RÉSISTONS – TRANSGRESSONS

J’ai assisté à une réunion de jeunes étudiants. Ils avaient organisé une  JOURNÉE DES IDÉES  avec des intellectuels mauriciens pour réfléchir sur la dégradation des valeurs par la politique et  discuter des projets sociétaux  de liberté, d’égalité et des problèmes de l’environnement.  Ce groupe d’étudiants rédigera son rapport et le fera connaitre.

Mais ce qui m’a frappé, c’est  l’extraordinaire dichotomie entre ces jeunes Mauriciens qui adhèrent et s’obligent au strict respect des opinions et des pensées et  les calculs pervers et les stratégies divisionnistes de certains politiciens surtout ceux qui sont au pouvoir et qui n’hésitent devant aucune bassesse pour des tentatives de séduction de quelques électeurs.

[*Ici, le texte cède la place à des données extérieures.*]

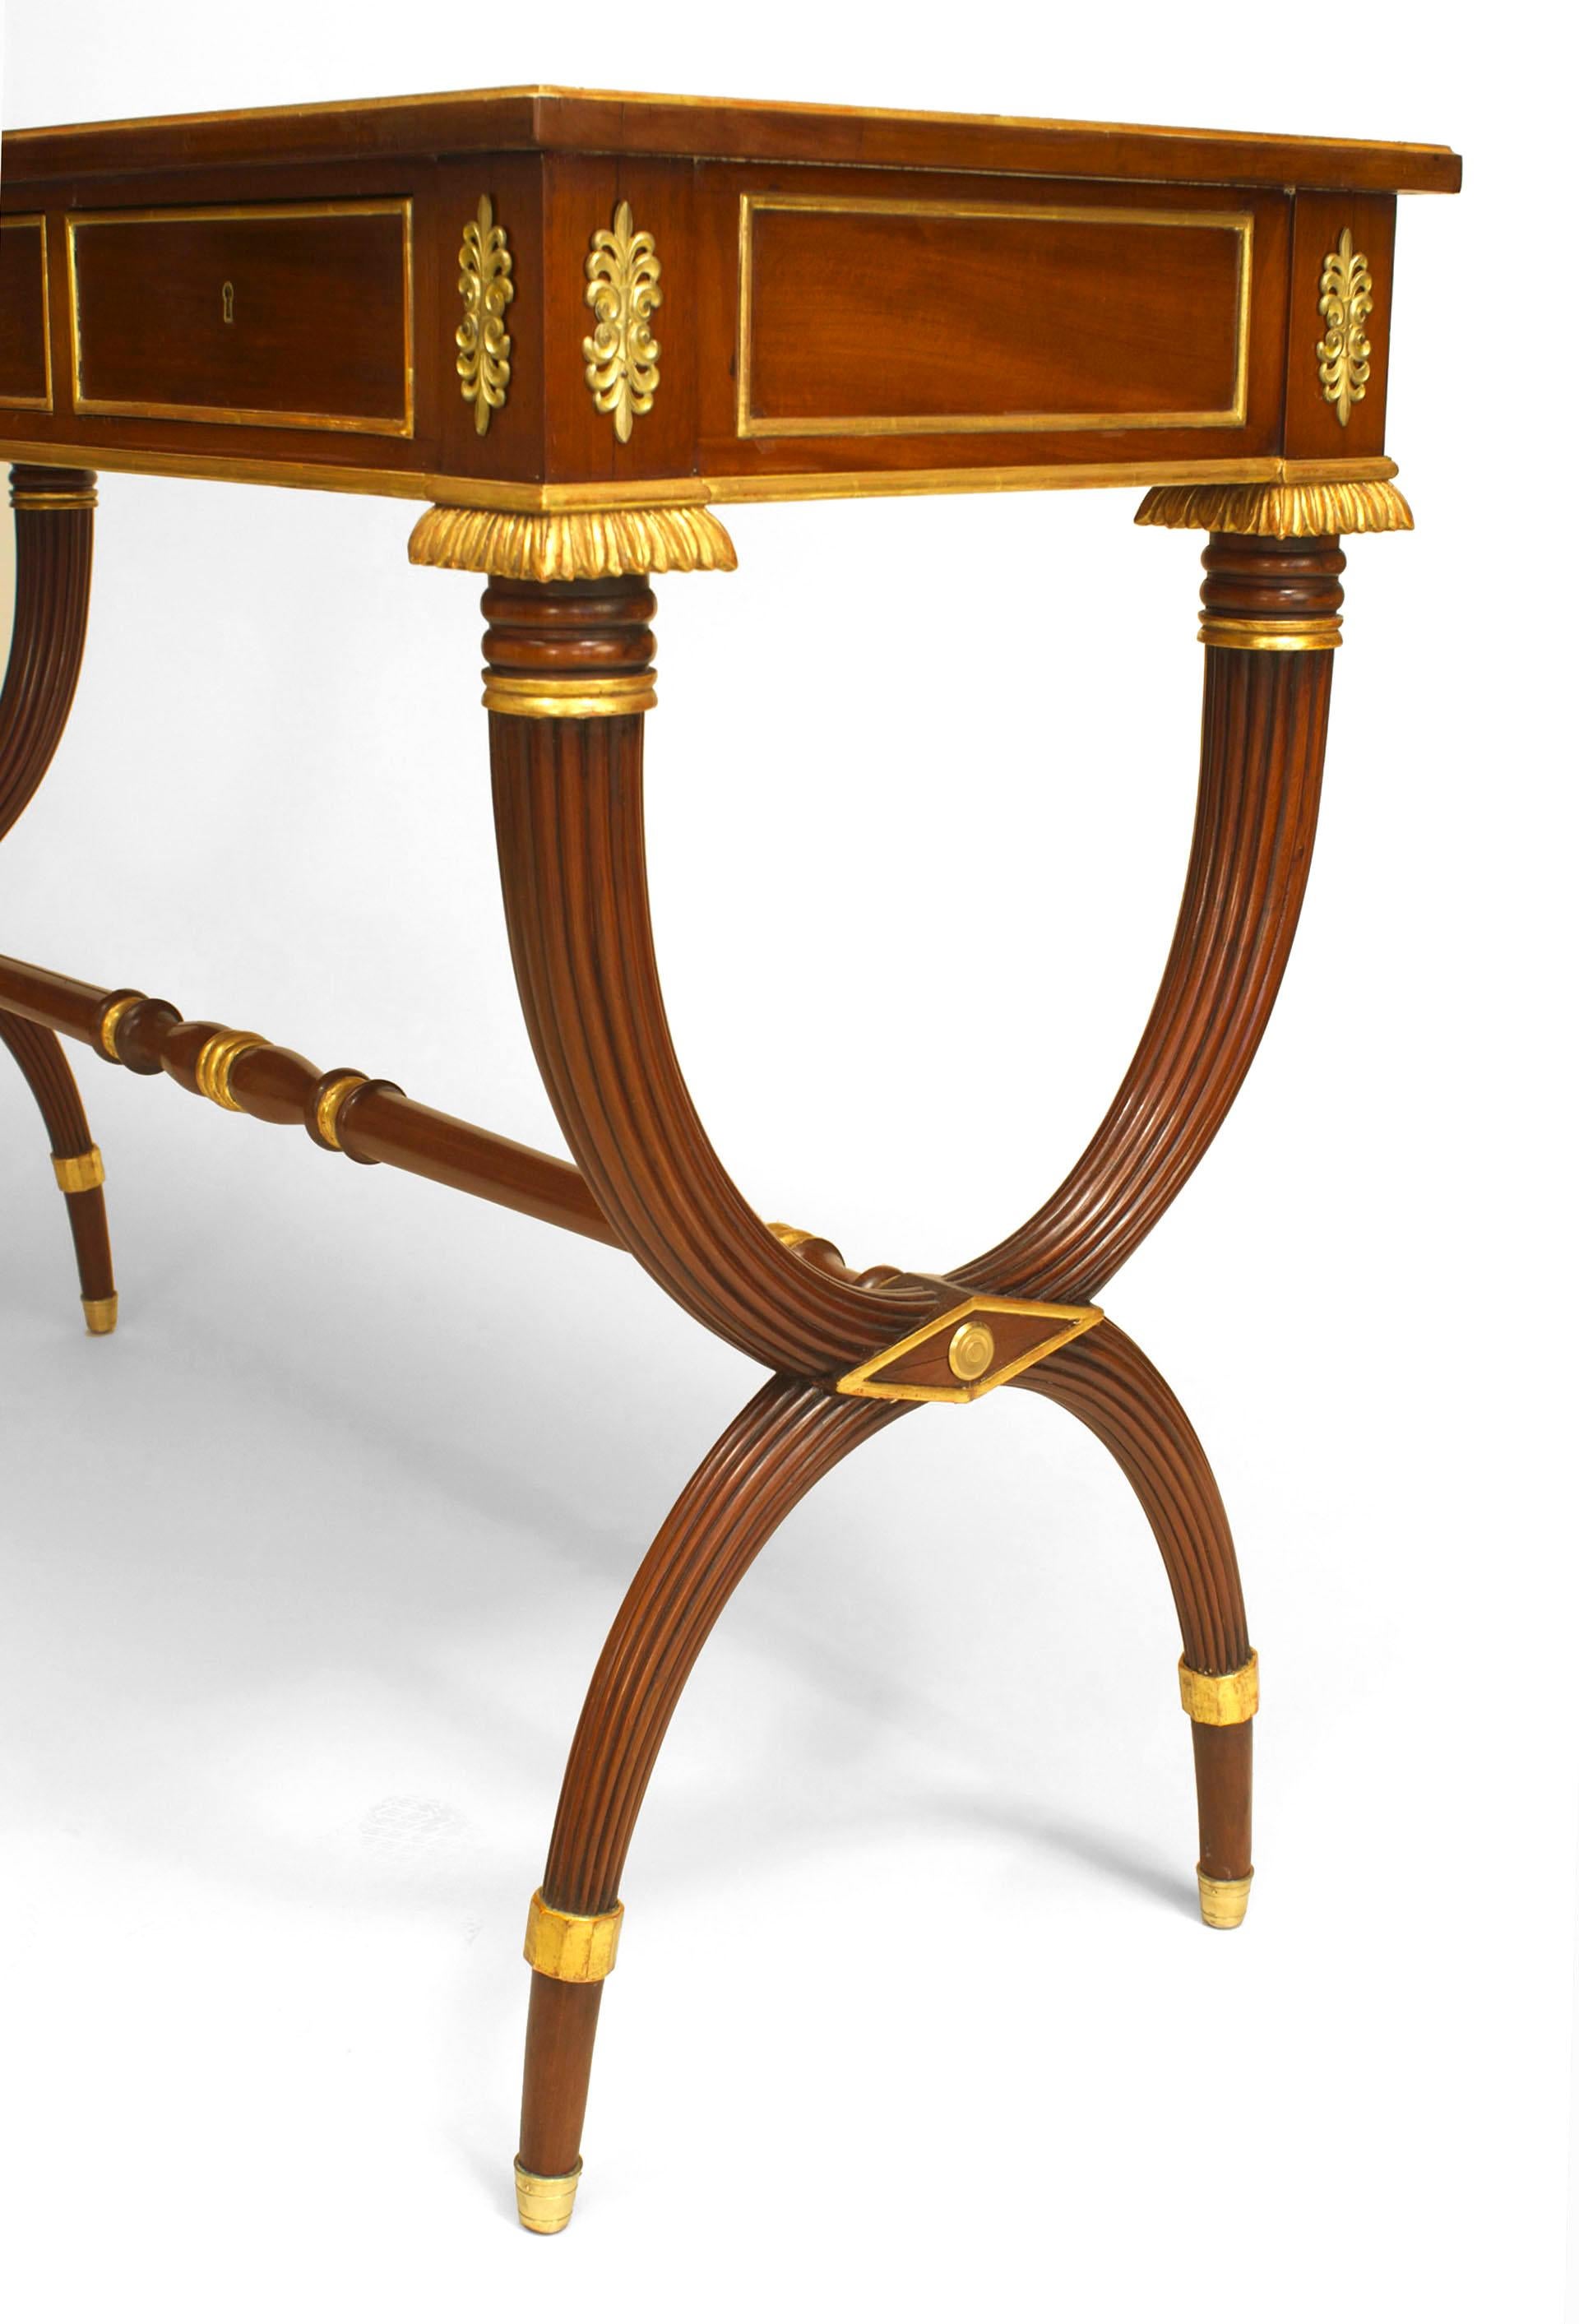 19th Century Pair of English Regency Mahogany Console Tables For Sale

Animés d’un esprit de tolérance sans faiblesse, ils recherchent en toutes circonstances la vérité et la justice. Dans le fil de ces exigences, ils s‘efforcent  d’être doux et bienveillants.  Mais faut-il conclure qu’ils doivent renoncer à toute forme de désobéissance et de transgression devant les agressions d’État ?

La désobéissance civile n’est-elle pas nécessaire pour faire avancer une société bloquée, agressée par ceux qui prônent des normes dégradées, des pratiques injustes qui clivent, cassent les liens sociaux et mènent à la perte des valeurs……Comme les entorses aux  urgences écologiques, l’extension de la corruption, du népotisme, les disparités salariales, l’esclavagisme moderne dans des usines et des chantiers et entreprises commerciales.

La résistance aux lois injustes, aux tentations totalitaires etc. génère de plus en plus de militants. Mais dans la salle ils étaient nombreux à déplorer les réflexes endormis de tous ces Mauriciens devant ces militants et activistes engagés dans le combat pour le climat et l’environnement. Réflexes endormis, réactions amorphes, nausées quand le fils Jugnauth ironisait sur ceux qui s’étaient attachés aux arbres pour les défendre contre des abattages sauvages. Ce minus incapable de saisir le symbolisme du geste.

Pour ces jeunes, les manifestations de » Arrete Kokin nou la plaze » de Georges Ah Yan, celles des activistes pour le climat, contre des entreprises type Veolia, contre l’abattage des arbres etc doivent mobiliser les masses. Nos jeunes, insistent-ils, doivent retrouver l’esprit et rejoindre les pensées des étudiants du Pont de la Grande Rivière Nord Ouest, des travailleurs du port et ceux du transport dans leurs revendications et leurs grèves ainsi que ceux mobilisés derrière Harish Boodhoo dans la démolition symbolique de certaines jetées et murs empiétant illégalement sur la mer et sur la liberté des Mauriciens de profiter de leur patrimoine. C’était la naissance de la reconstruction d’un nouveau projet collectif.

Ces militants et activistes ont acquis une légitimité par leurs actions. Ils ont réveillé la société endormie par ses dogmes et préjugés. Ils ont fait revivre l’engagement non-violent de Gandhi ou la vision d’unité de Mandela, le militantisme par la désobéissance civile de David Thoreau (qui a inspiré Gandhi) de Martin Luther King. Se lever pour demander dignité, justice sociale et réclamer des gouvernants qu’ils soient au service du peuple et donc obligés par des principes de transparence, du respect des droits et de toujours rendre compte (accountability).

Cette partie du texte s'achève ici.